China's total mortgage loans stood at 38.6 trillion yuan ($5.29 trillion) at the end of June 2023, accounting for 17 percent of banks' total outstanding loans. (Source: NYtimes) |
Some Chinese state-owned banks will soon cut interest rates on existing mortgage loans, sources familiar with the matter said, as the government steps up efforts to revive the property sector and shore up a cooling economy.
The reduction could be as high as 20 basis points in some cases, according to the sources, who asked not to be identified because the information is private. If implemented, the extent of the reduction in existing mortgages would vary for different types of customers and in different cities.
The mortgage rate cut comes as the government has announced a number of measures to support property markets, the economy and other sectors in recent weeks, as concerns grow about the health of the world's second-largest economy.
Observers had expected banks to cut interest rates on existing mortgages after the People's Bank of China (PBoC, the central bank) said earlier this month it would instruct commercial banks to do so.
The PBoC's rate cut proposal comes after a wave of early mortgage repayments, aimed at reducing interest costs for home buyers and boosting consumption in a slowing economy.
China has been cutting new mortgage rates since last year to boost sales in its struggling property market. But the result so far has been households rushing to pay off existing mortgages, squeezing banks’ profits.
The current drop in mortgage rates is expected to put pressure on the banking sector’s net interest margin, a key measure of its profitability, which had already fallen to a record low at the end of the second quarter of 2023, official data showed.
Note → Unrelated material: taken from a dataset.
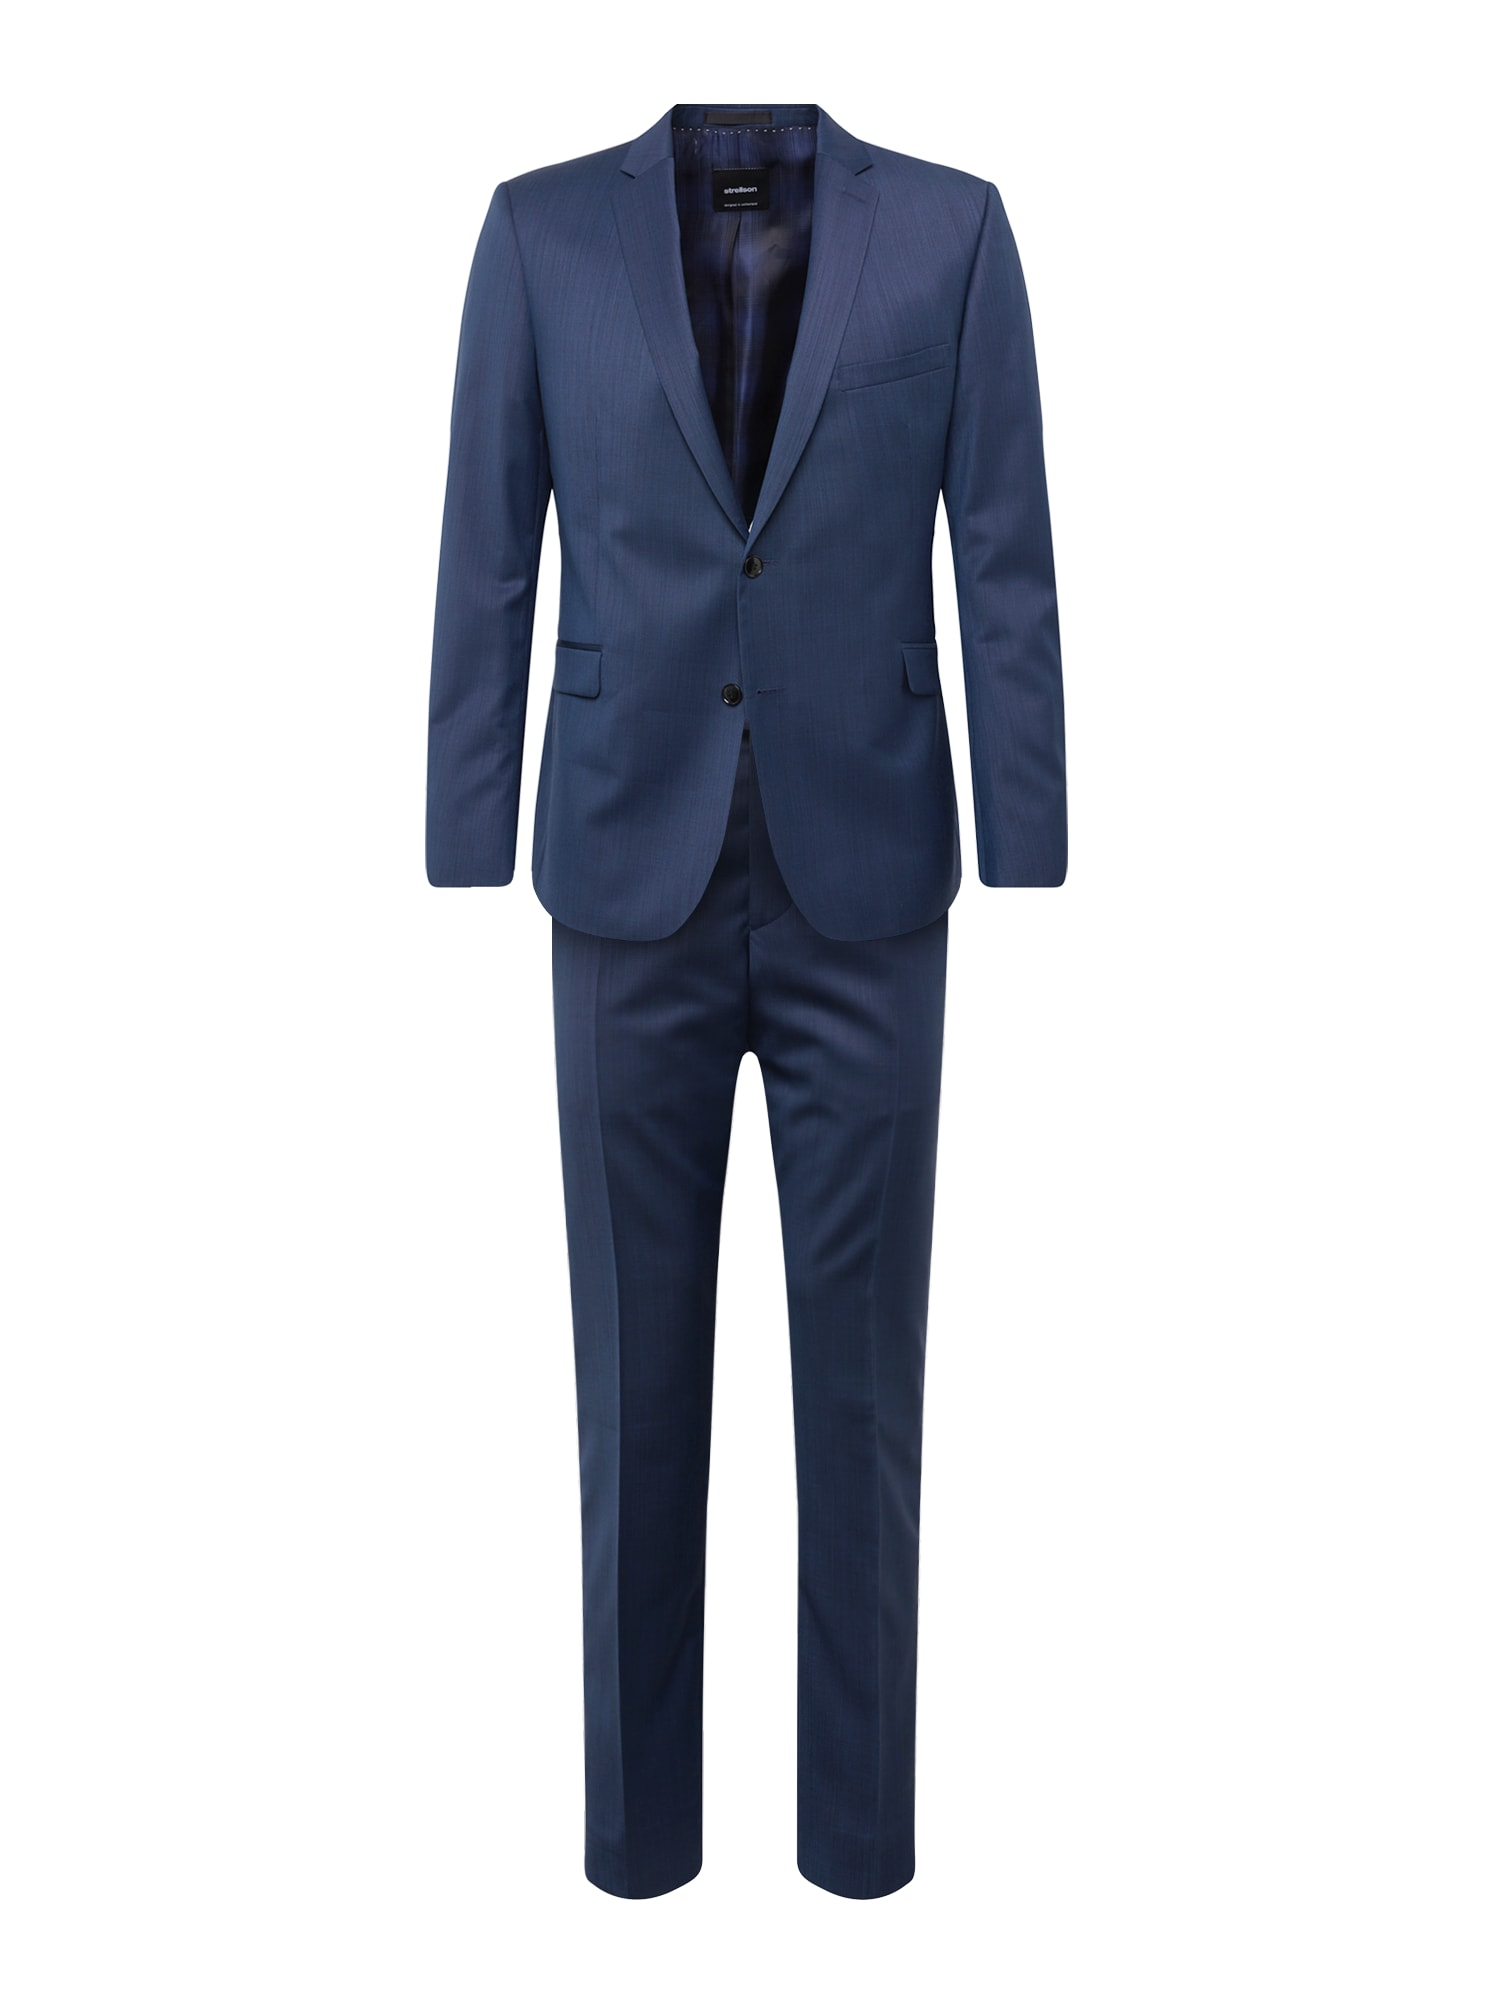 Oblek Allen-Mercer tmavě modrá STRELLSON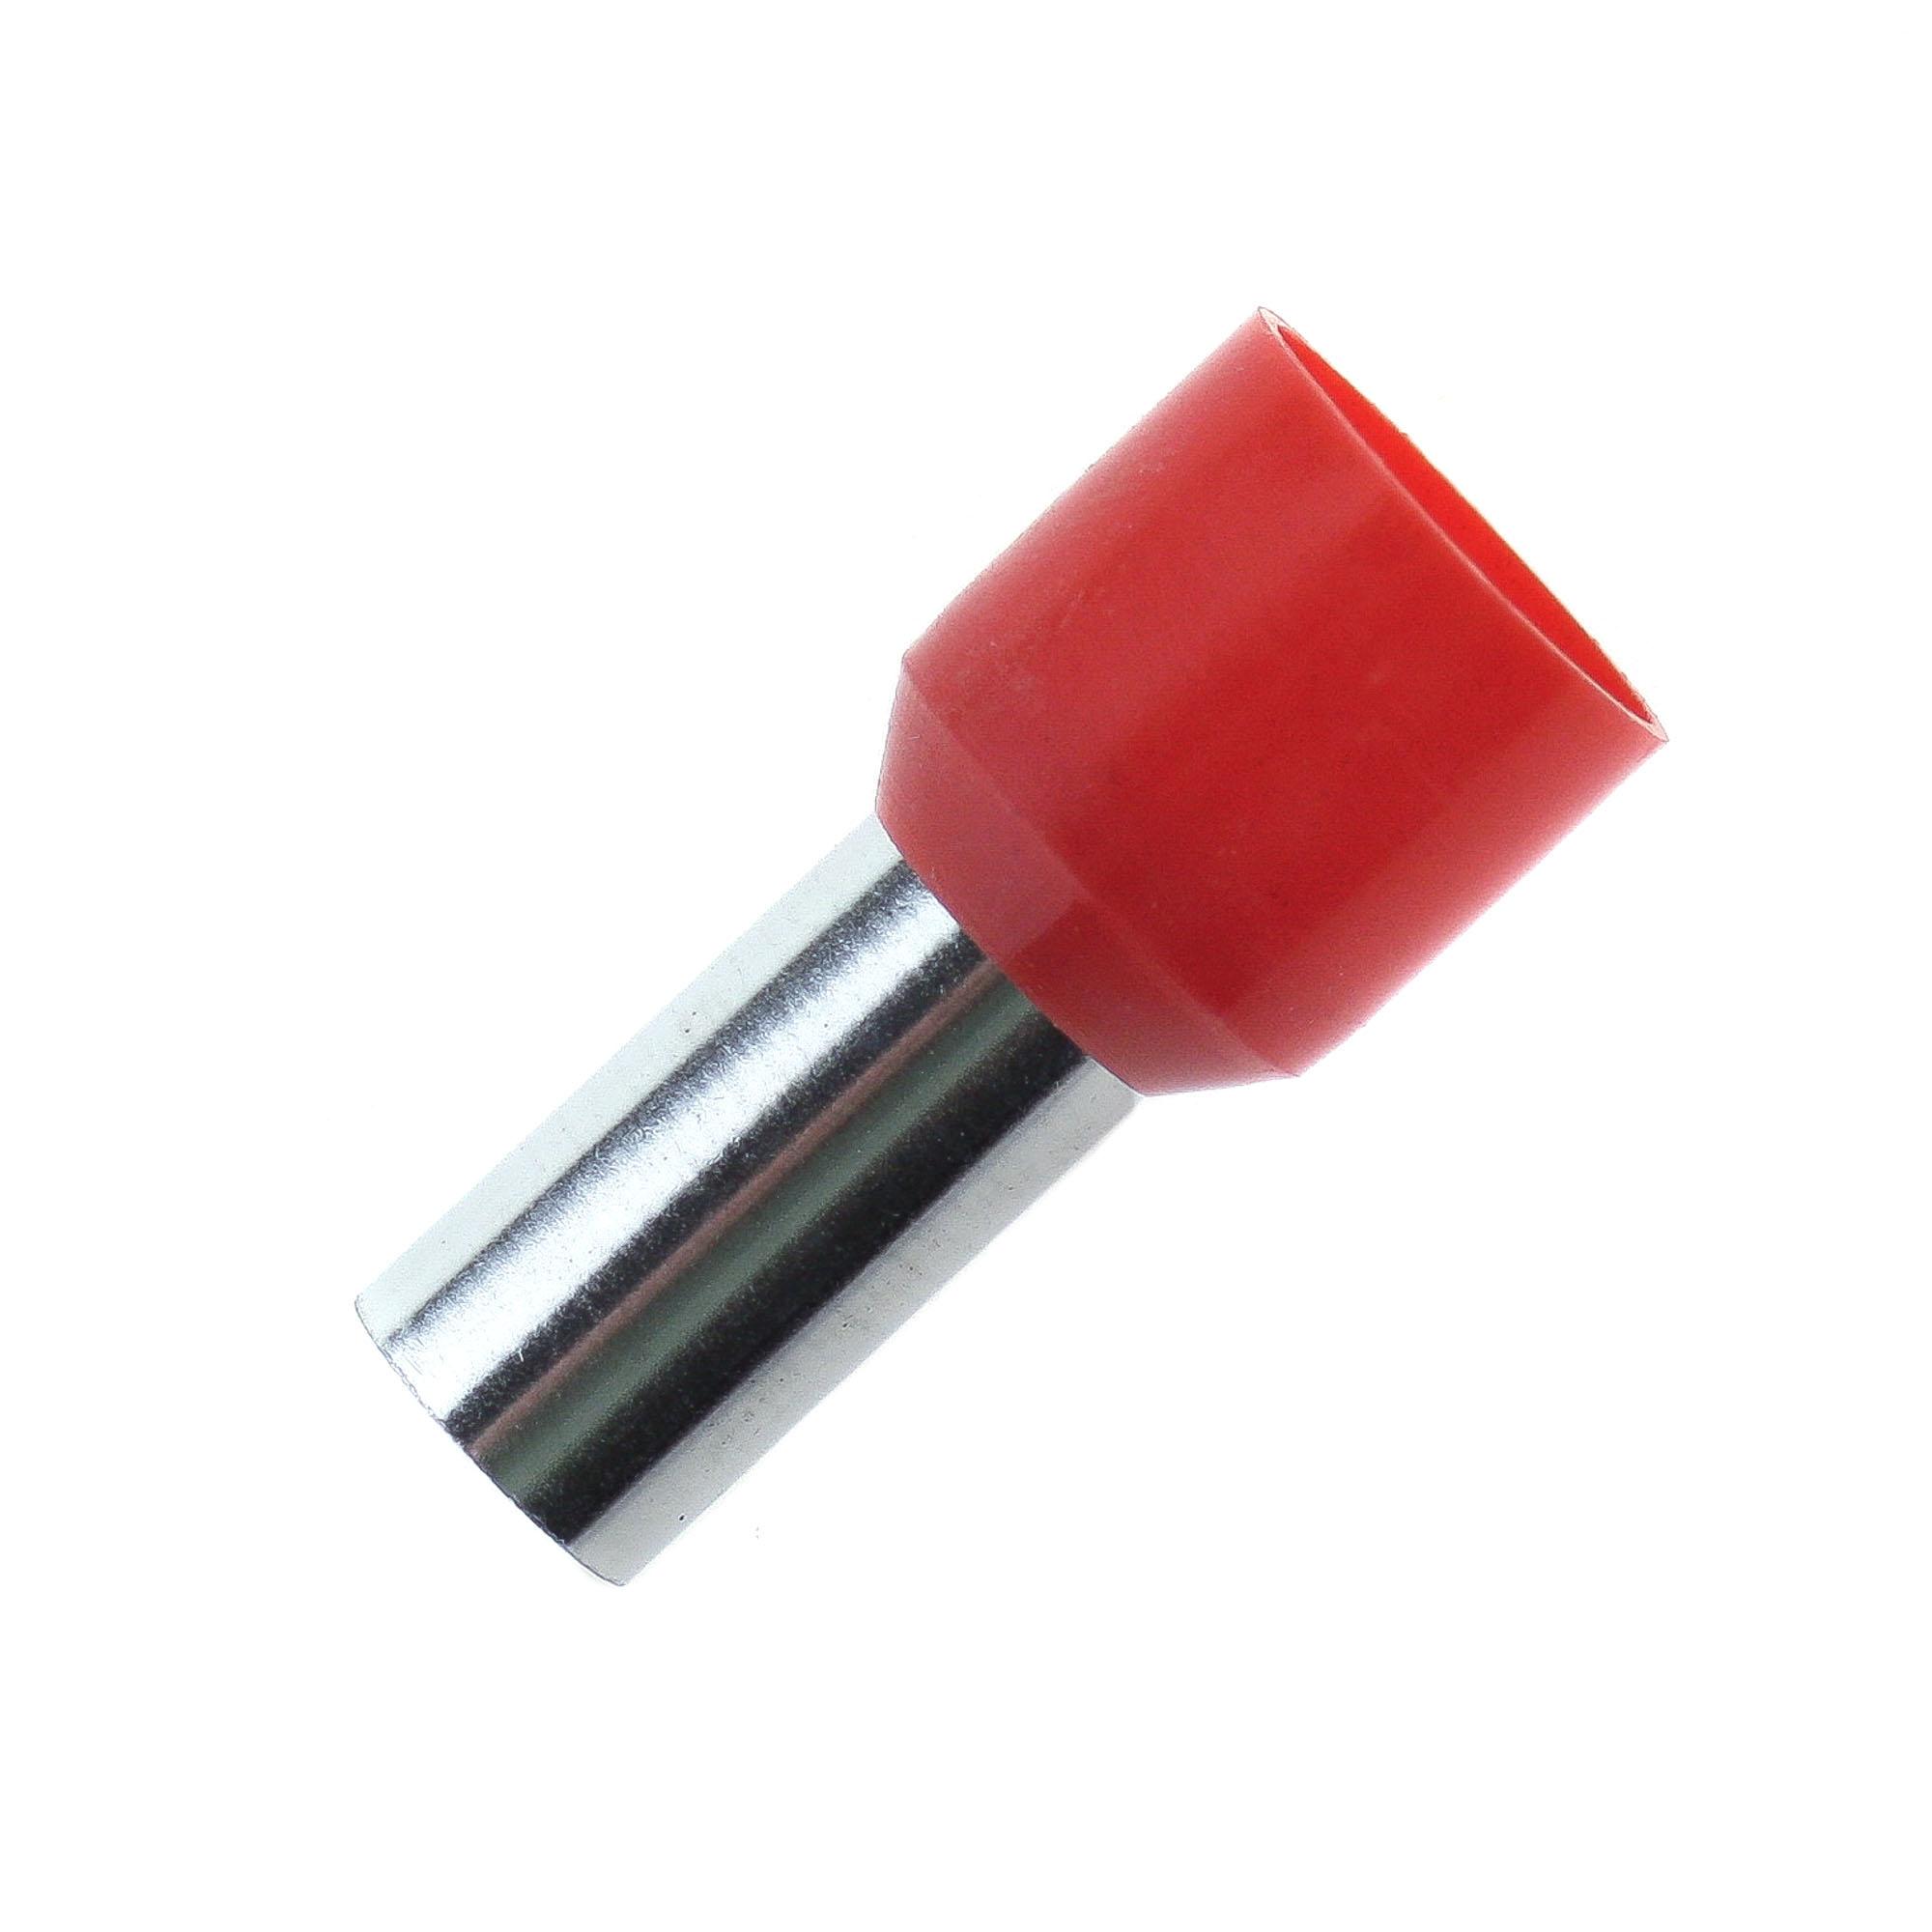 50mm² Querschnitt Kabel Endhülsen Aderendhülsen isoliert 0,25mm²

China's total mortgage loans stood at 38.6 trillion yuan ($5.29 trillion) at the end of June 2023, accounting for 17 percent of banks' total outstanding loans.
Citigroup said in a recent note that the repricing of existing high-yield mortgages will add further pressure to Chinese banks' net interest margins, reducing their profitability and lending capacity.
To ease the impact on profits, China’s major state-owned banks will also cut interest rates on some fixed-term deposits, three sources said. The cuts will range from 10 to 25 basis points.
One of the sources said that cutting deposit rates could help banks maintain appropriate net interest margins.
Analysts said the Chinese government last week opted against a broad interest rate cut that would have further squeezed banks’ already shrinking net interest margins. Instead, Beijing delayed banks from cutting deposit rates and made room for cheap mortgages.